- _Task objective_: What is needed is an exact copy of the lines from the line holding "Bom - Rv 15" through the end of the material, with no other lines and no pictures.

- _Stored data_:
☆ ☆ ☆ ☆ ☆

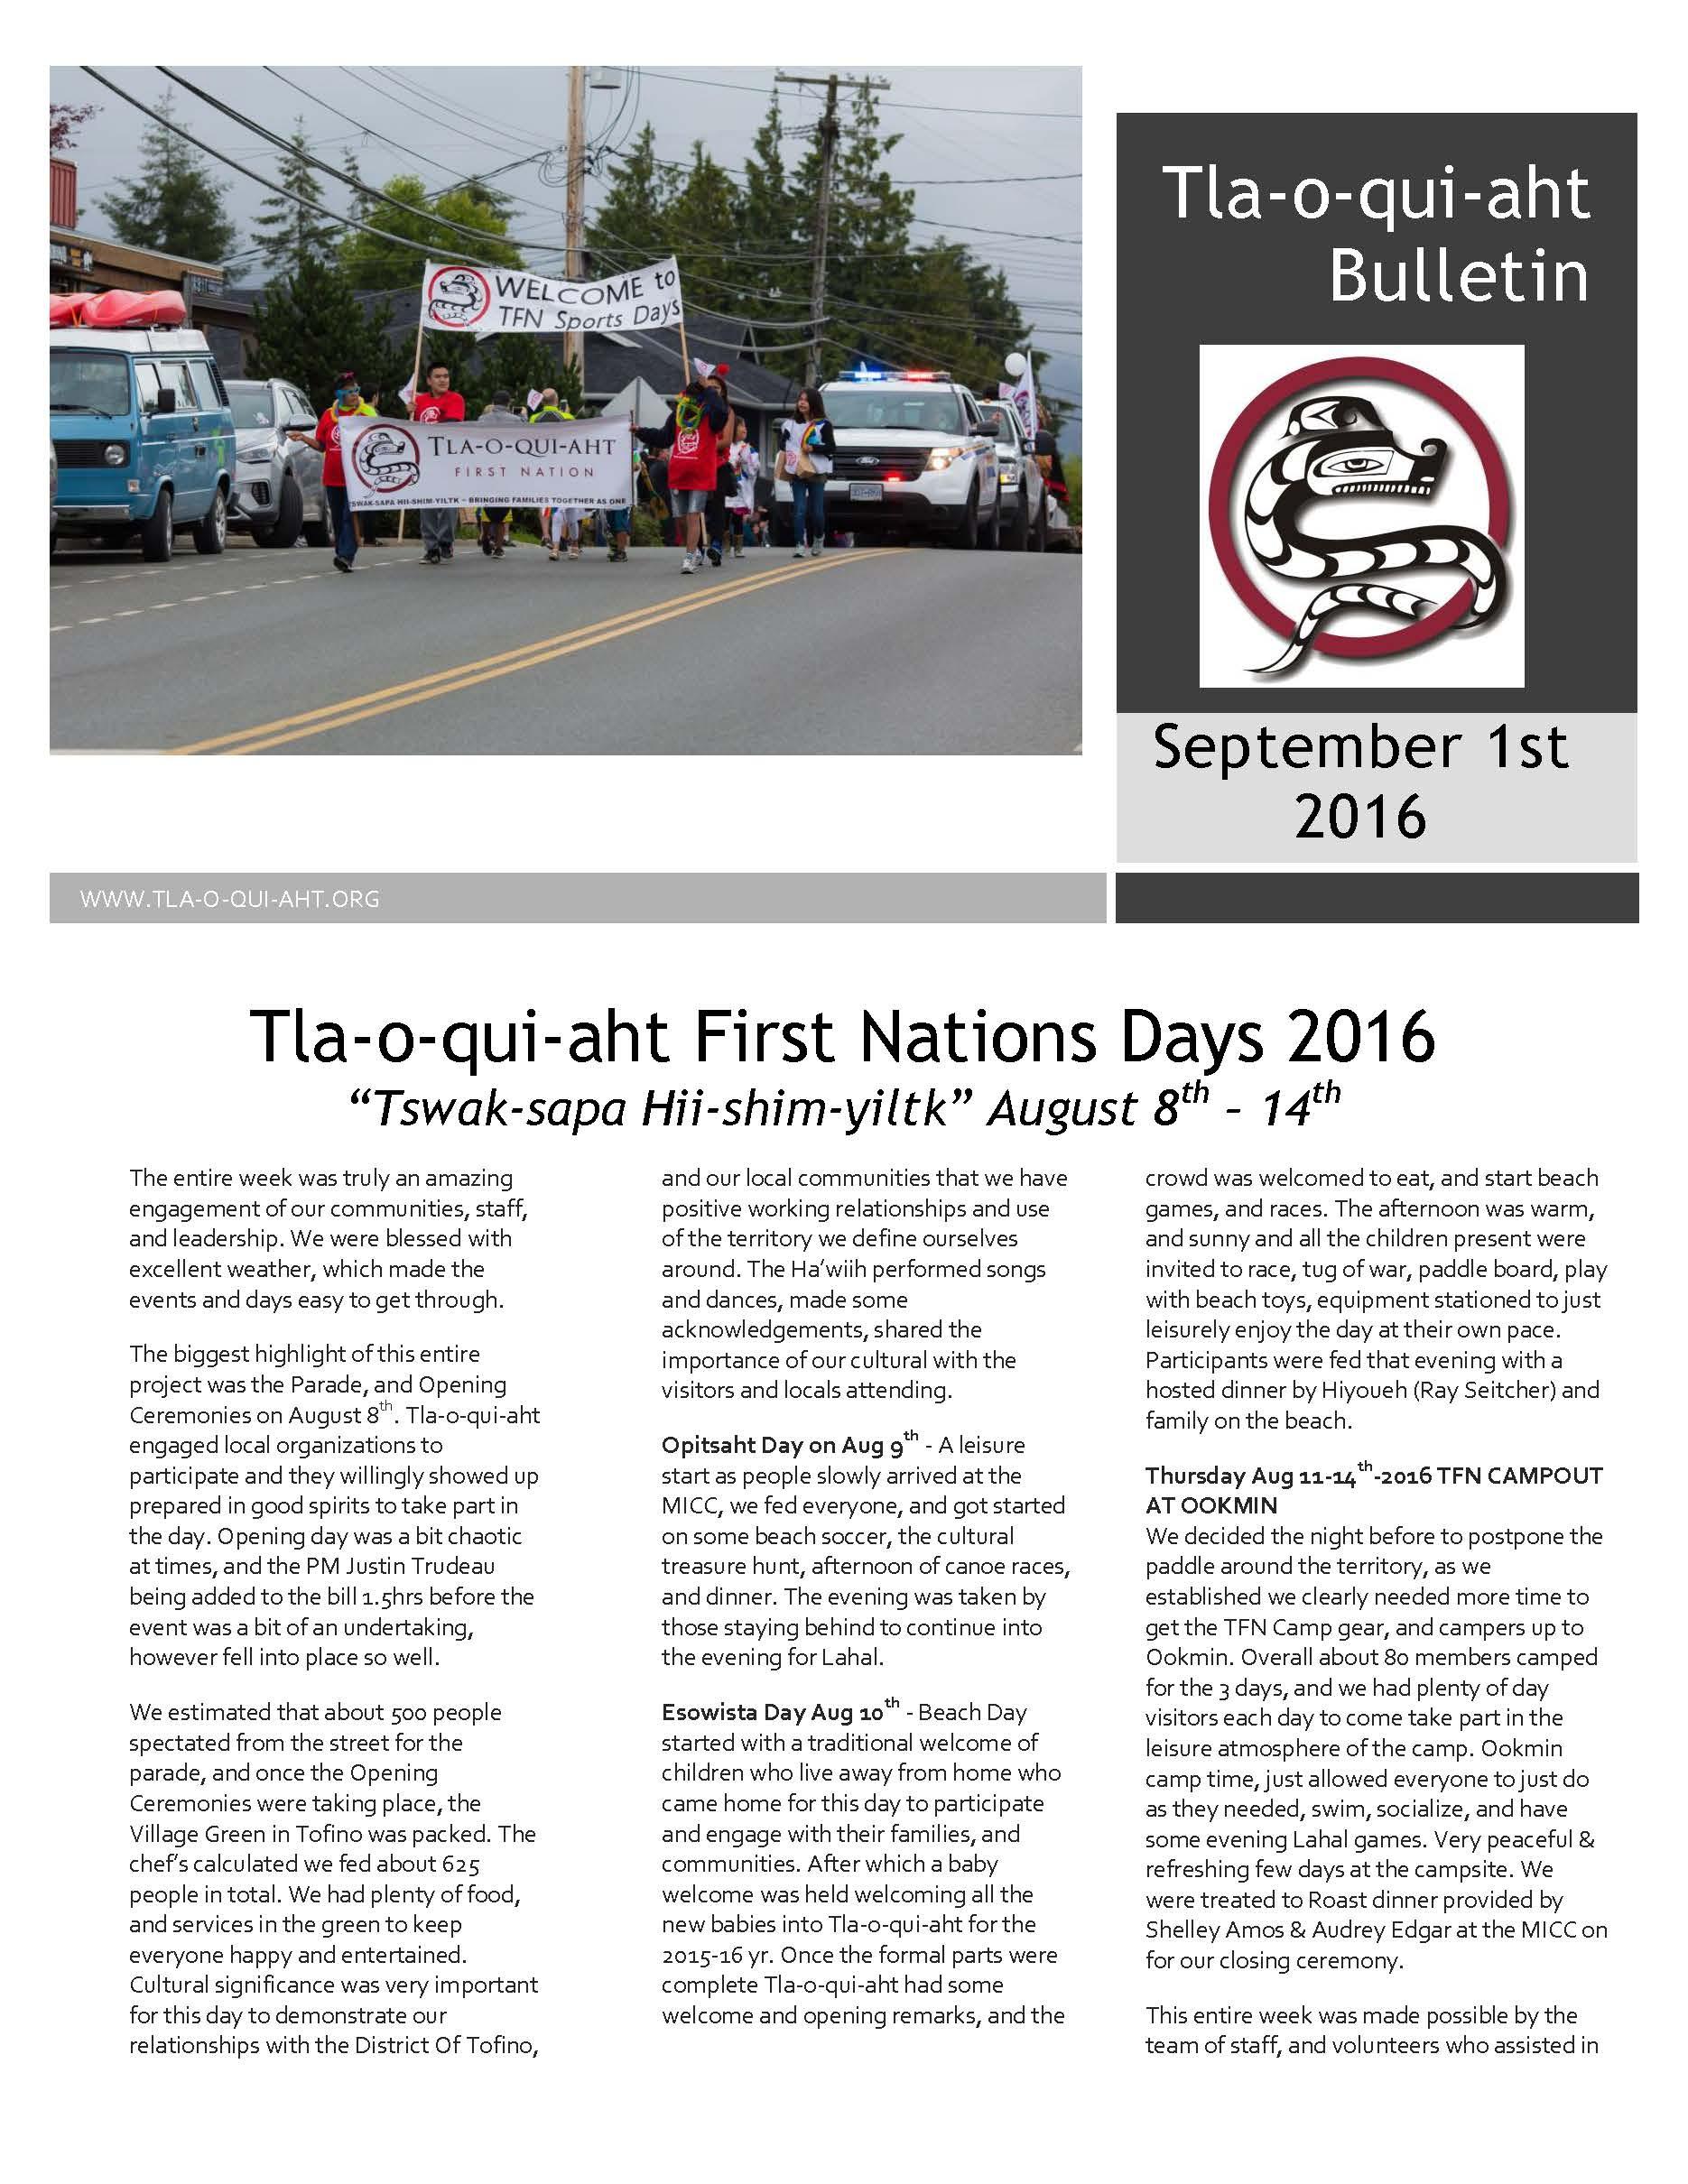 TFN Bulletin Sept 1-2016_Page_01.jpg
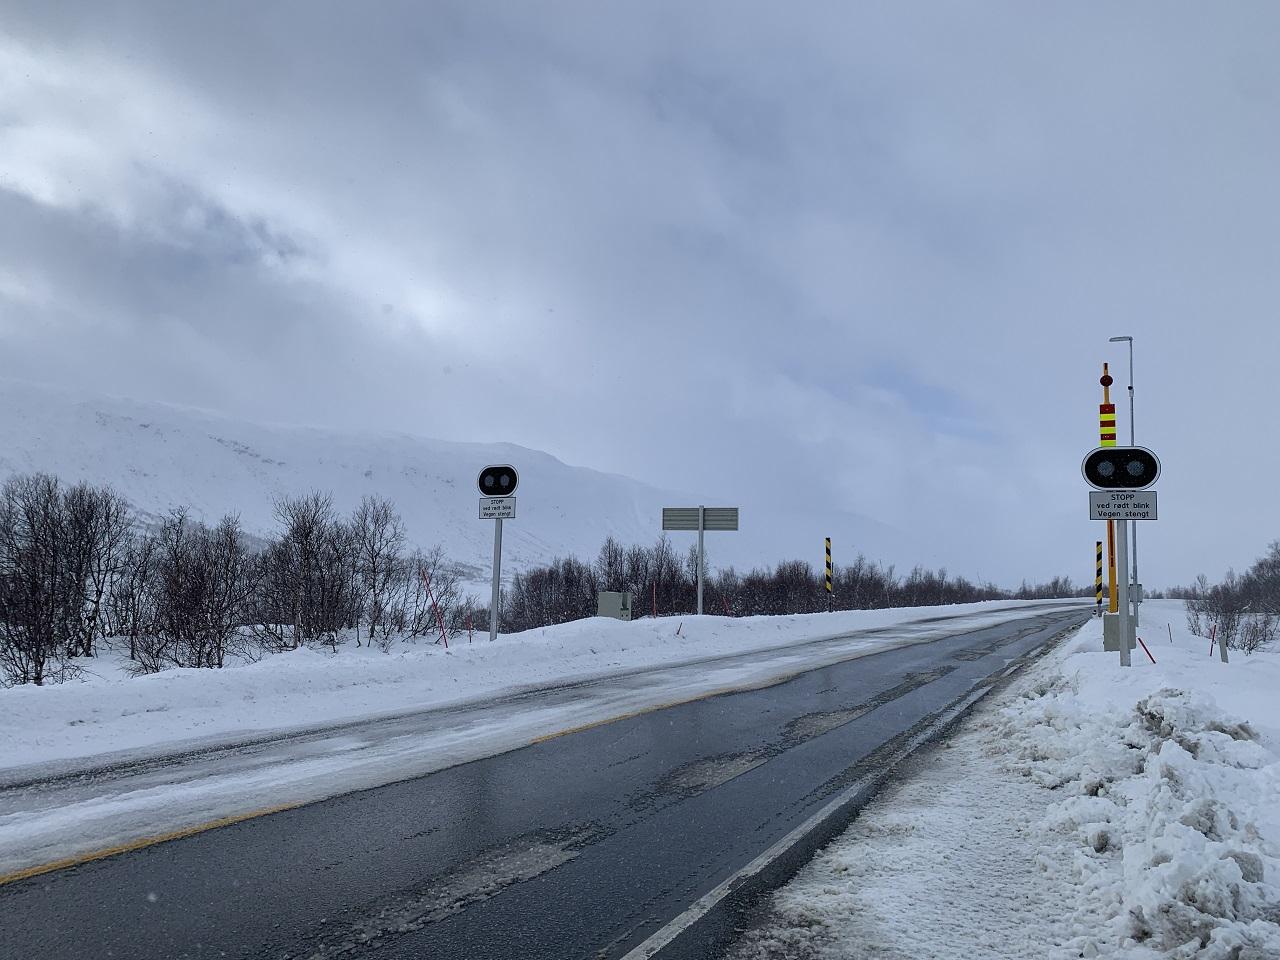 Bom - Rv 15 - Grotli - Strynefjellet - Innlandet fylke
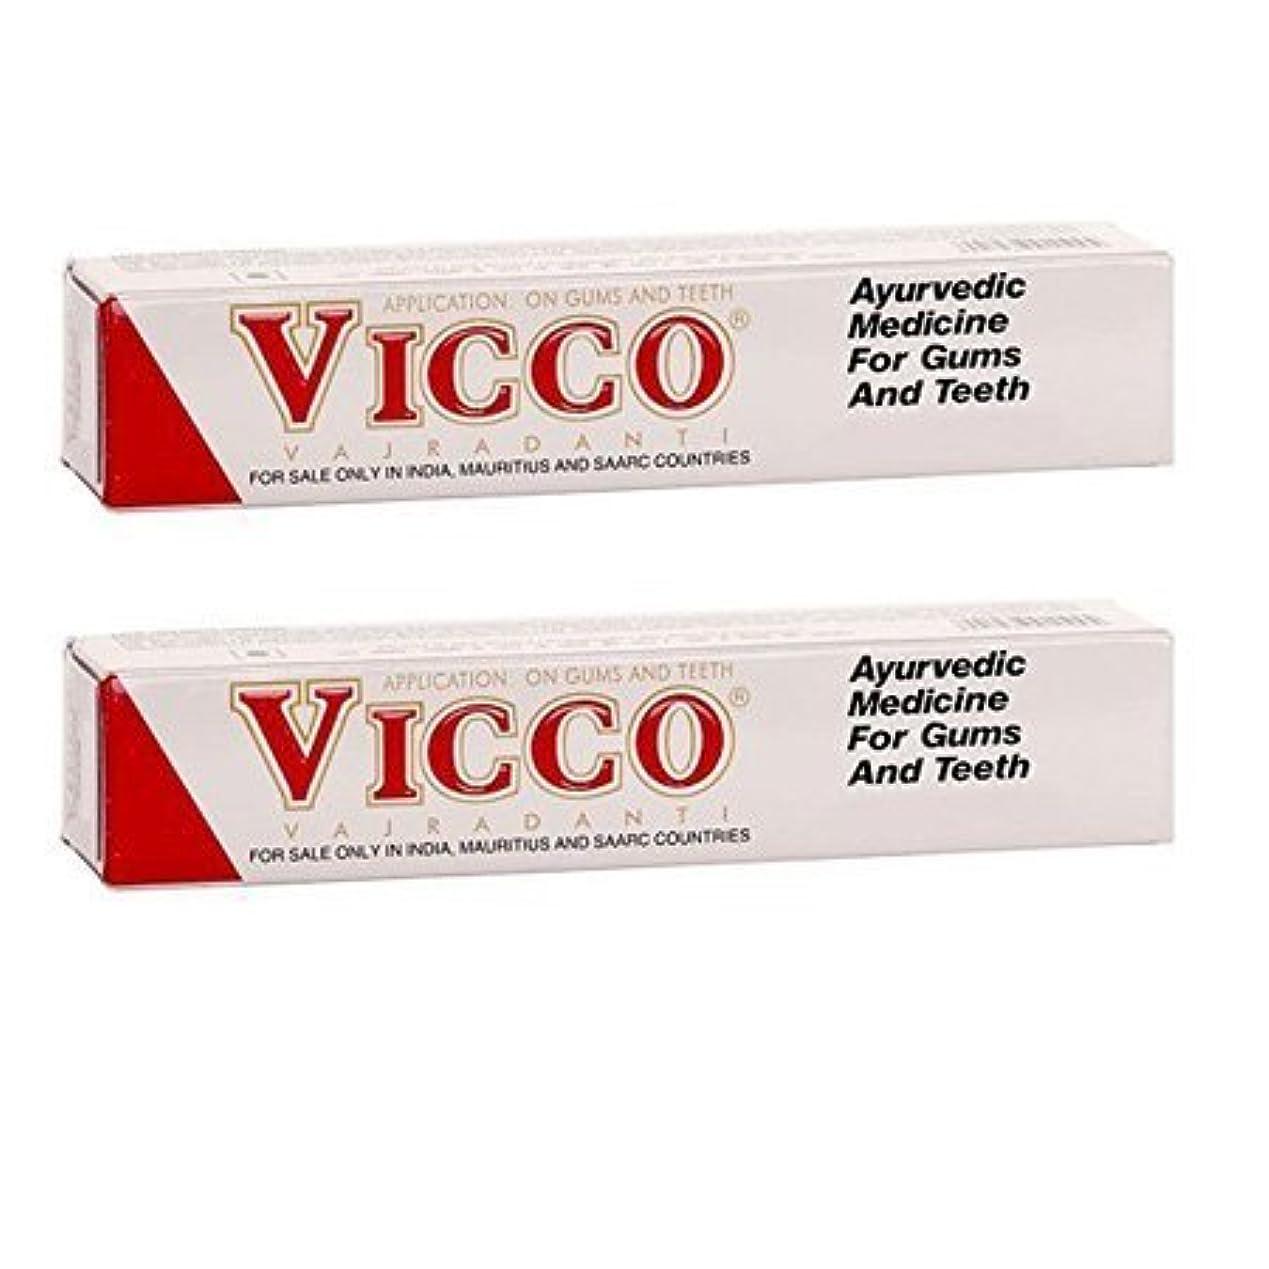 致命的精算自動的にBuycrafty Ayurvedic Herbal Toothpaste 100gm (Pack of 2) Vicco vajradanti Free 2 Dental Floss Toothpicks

☆ ☆ ☆ ☆ ☆

- _Final answer_:
 Bom - Rv 15 - Grotli - Strynefjellet - Innlandet fylke
 致命的精算自動的にBuycrafty Ayurvedic Herbal Toothpaste 100gm (Pack of 2) Vicco vajradanti Free 2 Dental Floss Toothpicks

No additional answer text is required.